Work required.
Start at the line with "Pilgrim - Le collier corde soleil doré" and print every line through the end of the material below. Keep it exact and free of pictures.

Data block.
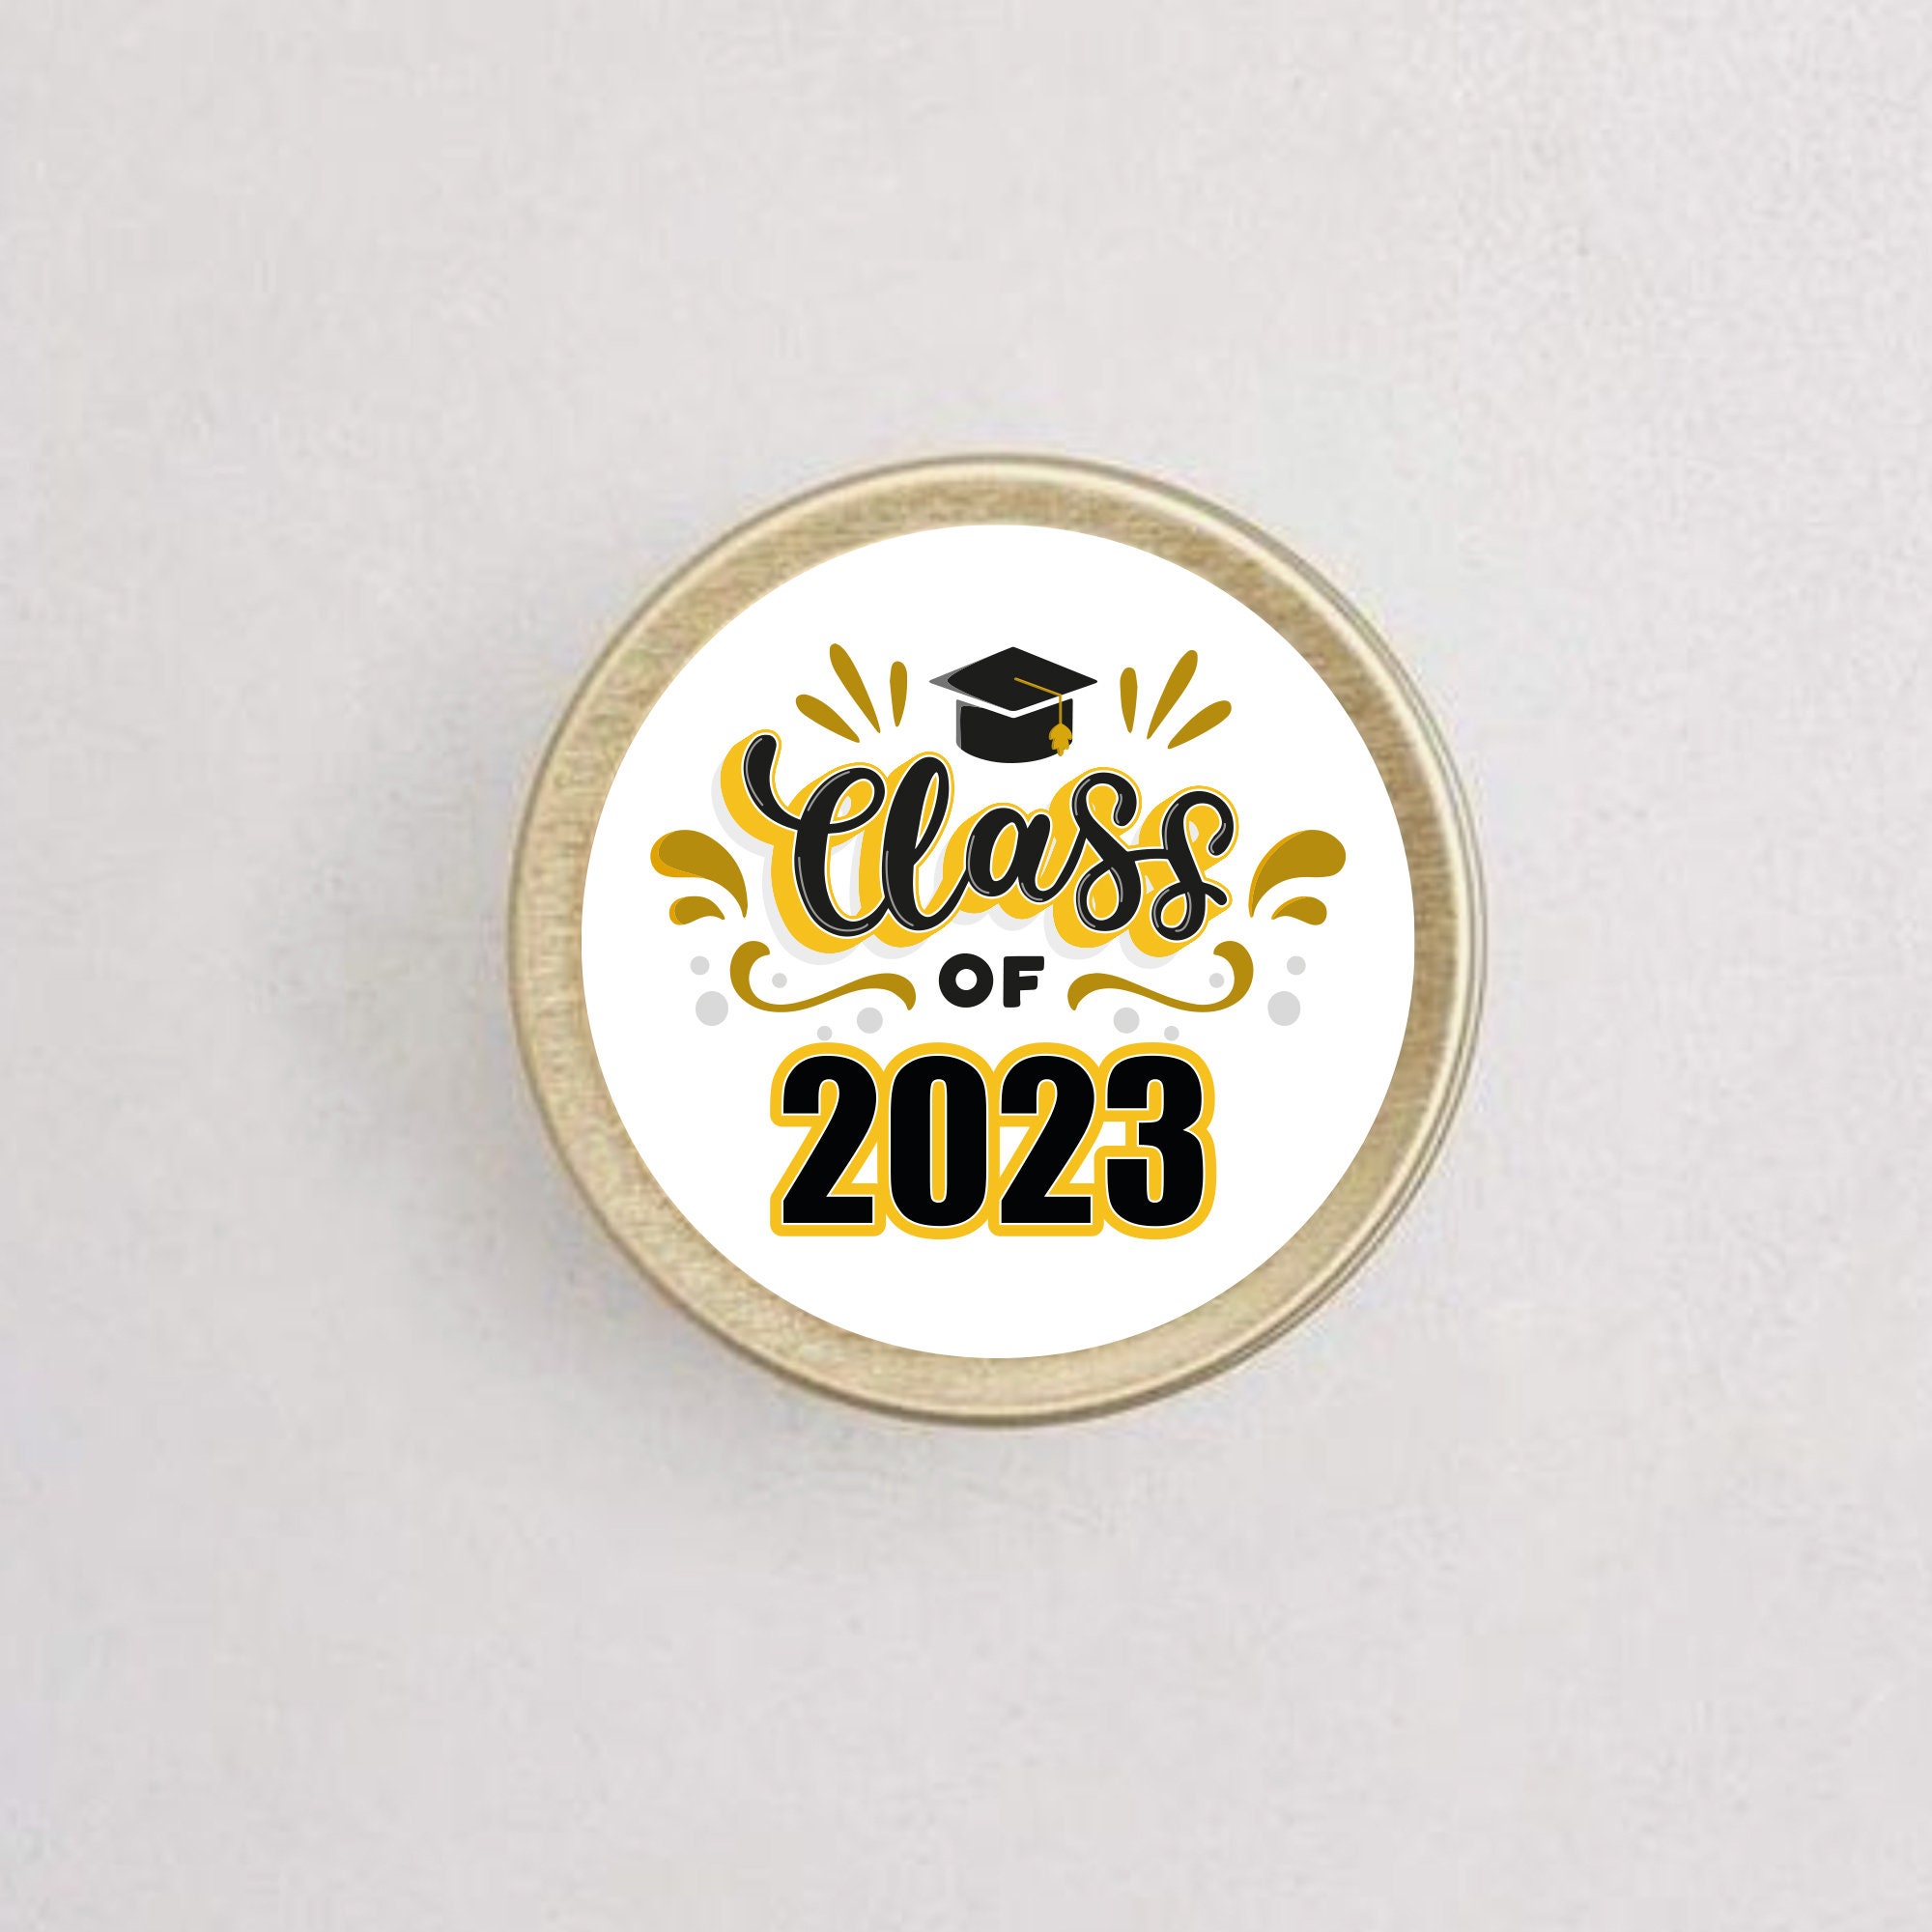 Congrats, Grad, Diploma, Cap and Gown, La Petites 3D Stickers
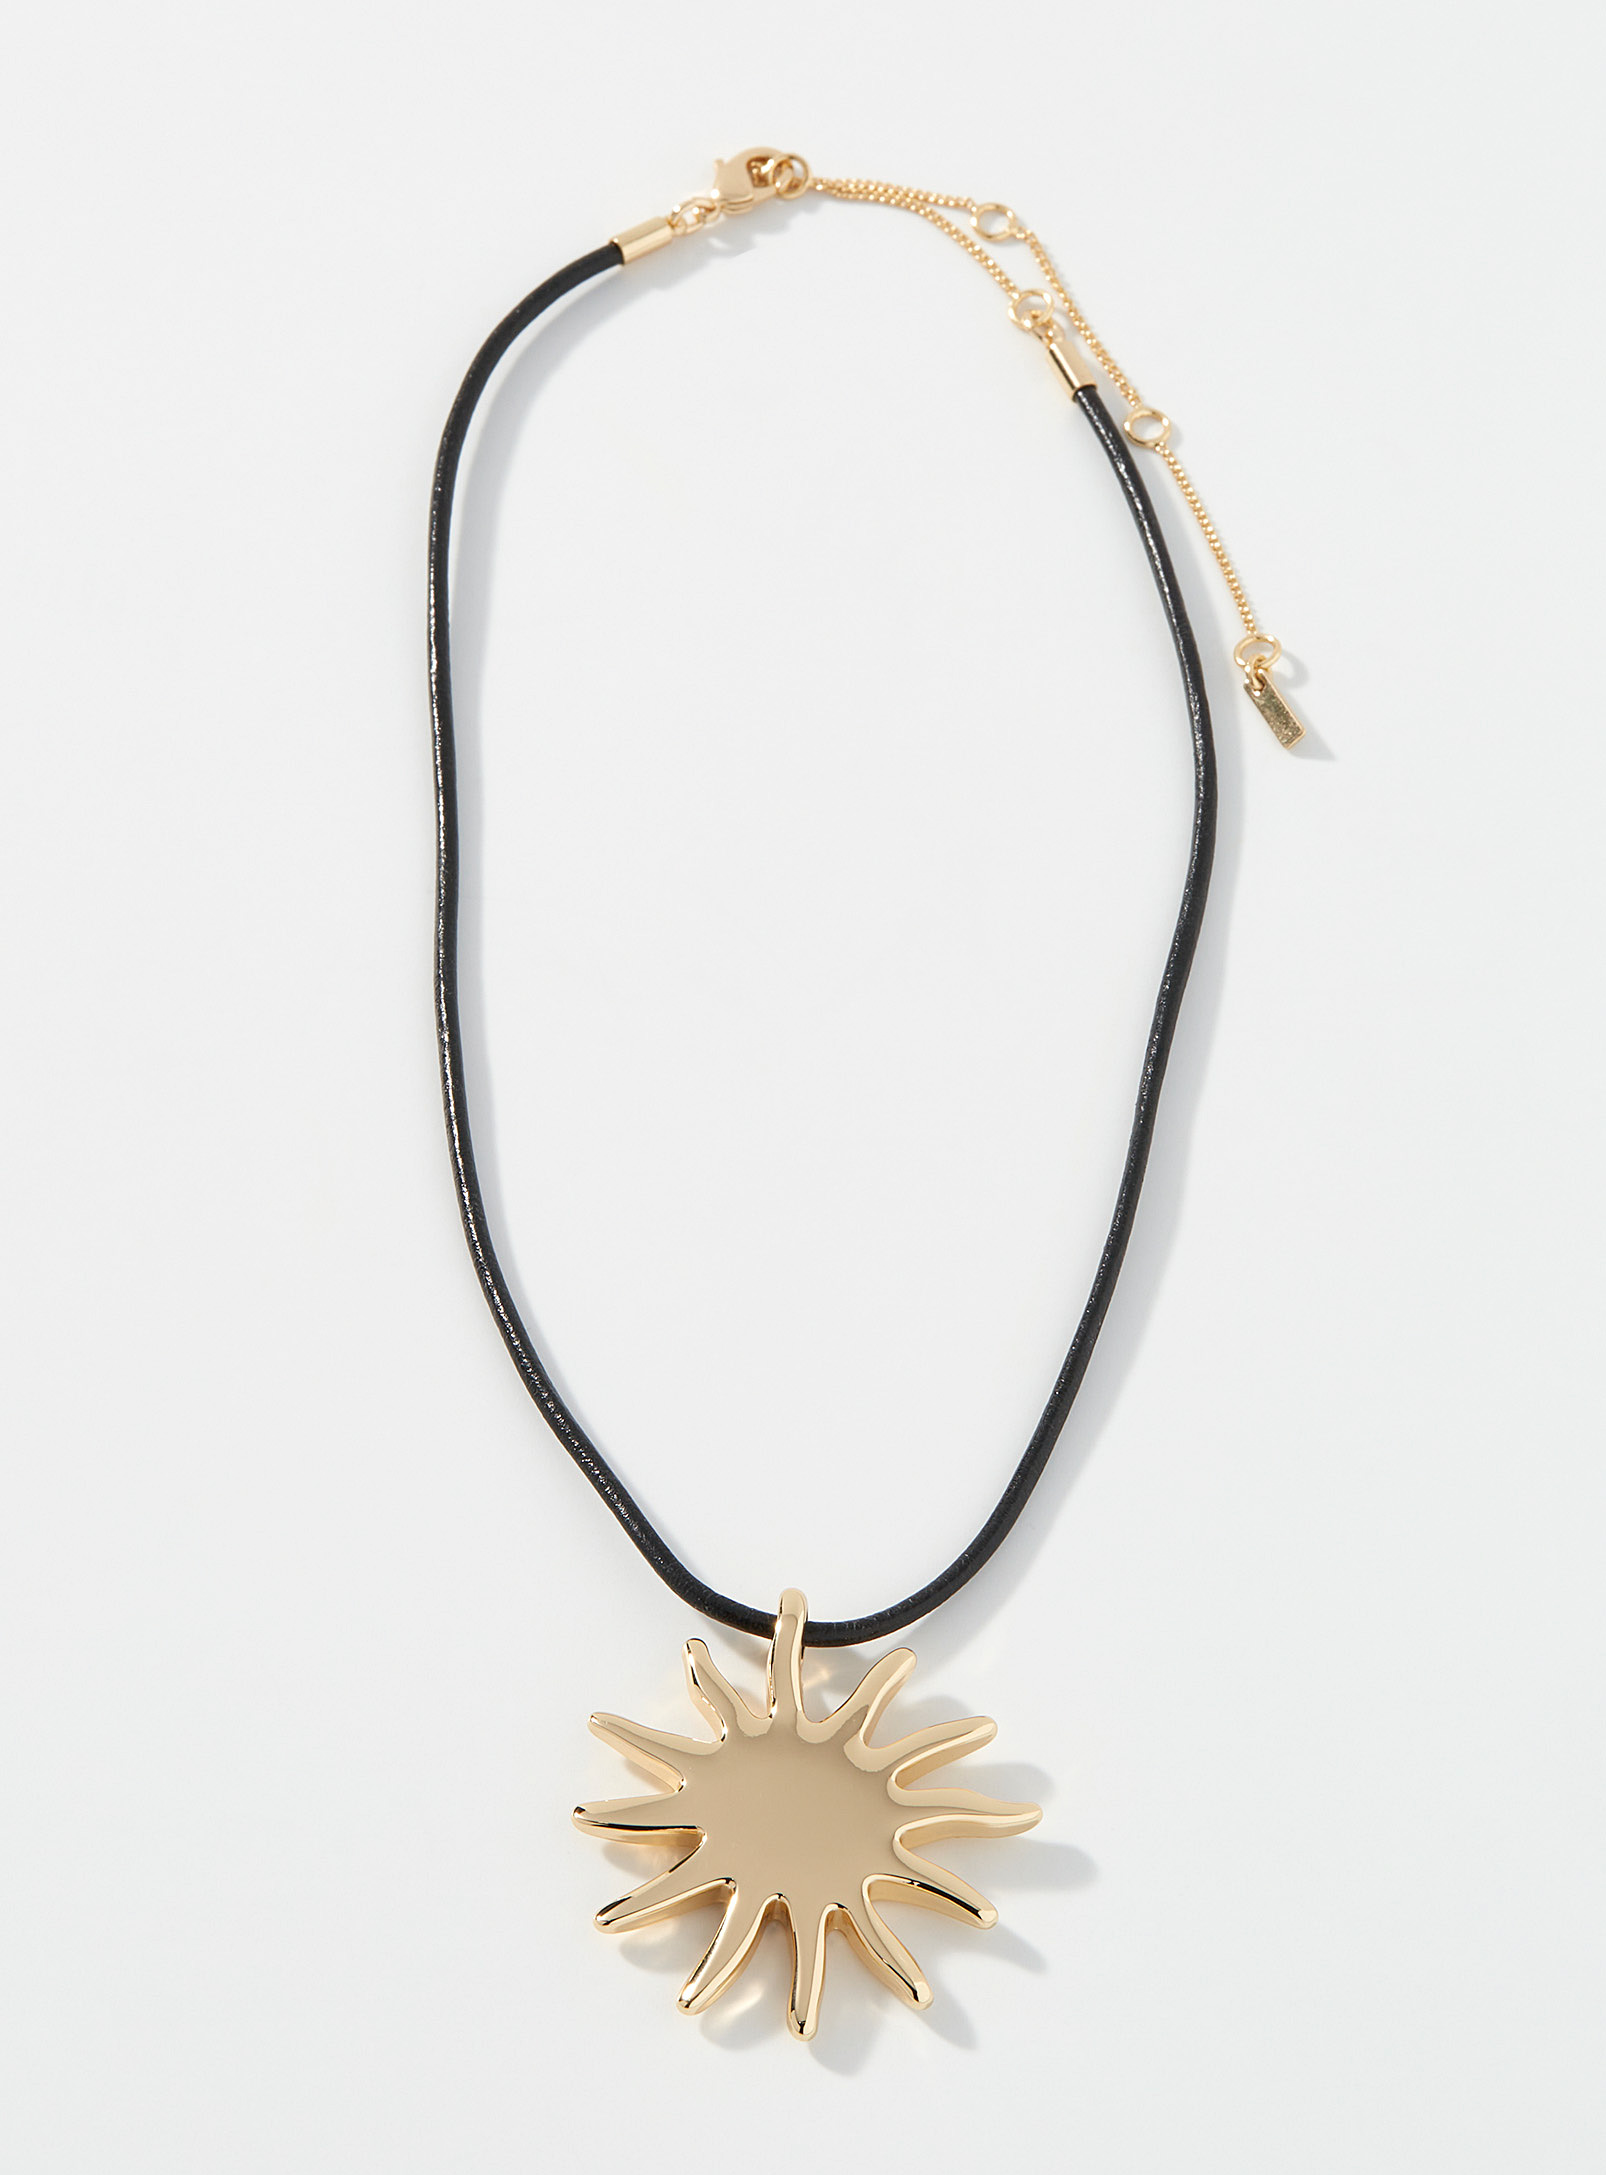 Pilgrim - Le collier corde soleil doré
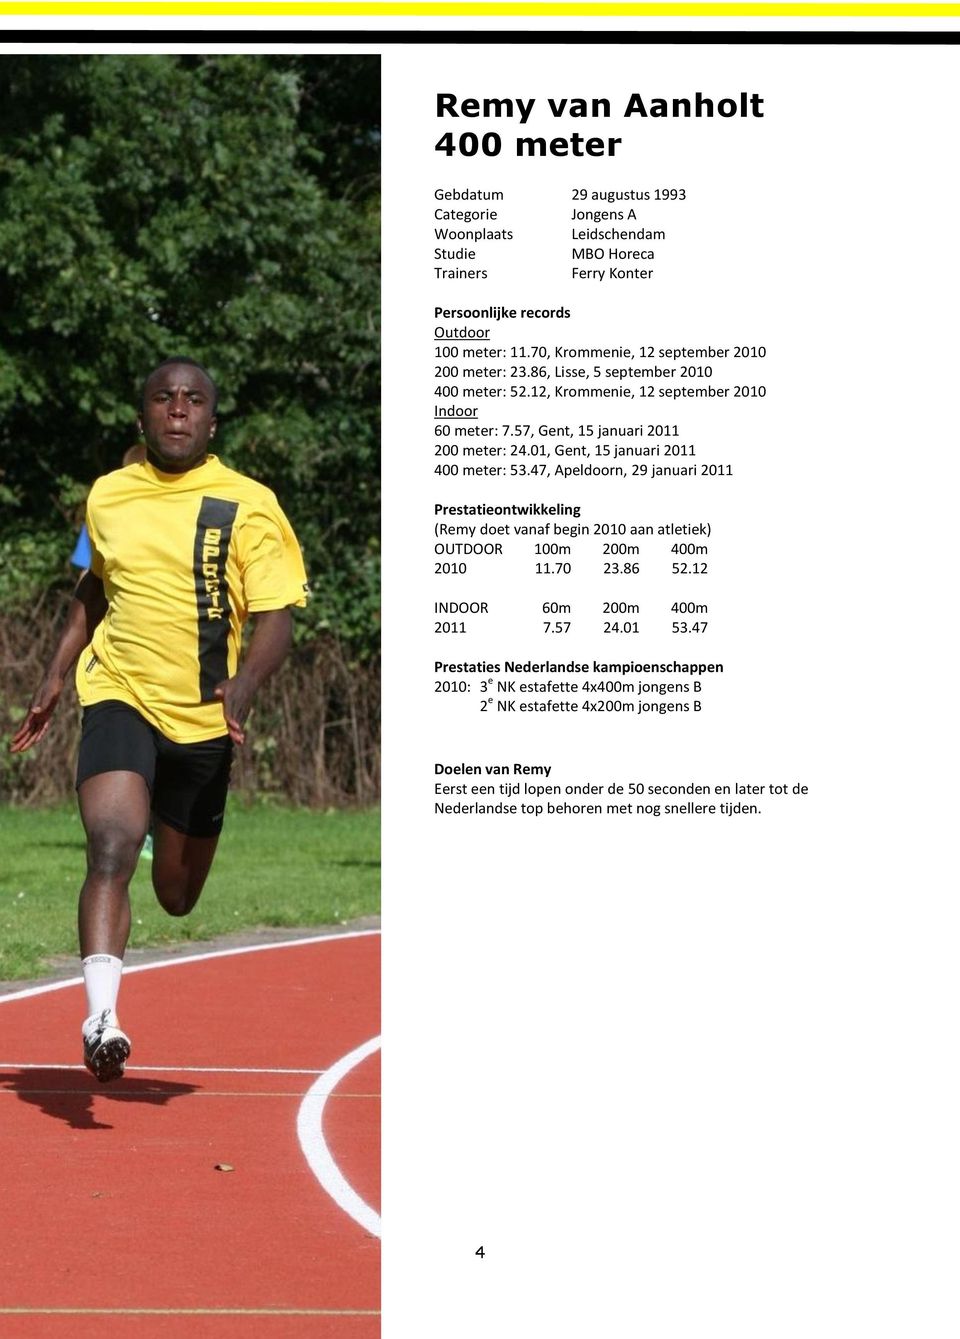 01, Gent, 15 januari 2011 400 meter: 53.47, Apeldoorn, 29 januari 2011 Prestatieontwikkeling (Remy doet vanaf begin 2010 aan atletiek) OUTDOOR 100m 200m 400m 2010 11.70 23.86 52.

Answer to the exercise.
 Pilgrim - Le collier corde soleil doré
 01, Gent, 15 januari 2011 400 meter: 53.47, Apeldoorn, 29 januari 2011 Prestatieontwikkeling (Remy doet vanaf begin 2010 aan atletiek) OUTDOOR 100m 200m 400m 2010 11.70 23.86 52.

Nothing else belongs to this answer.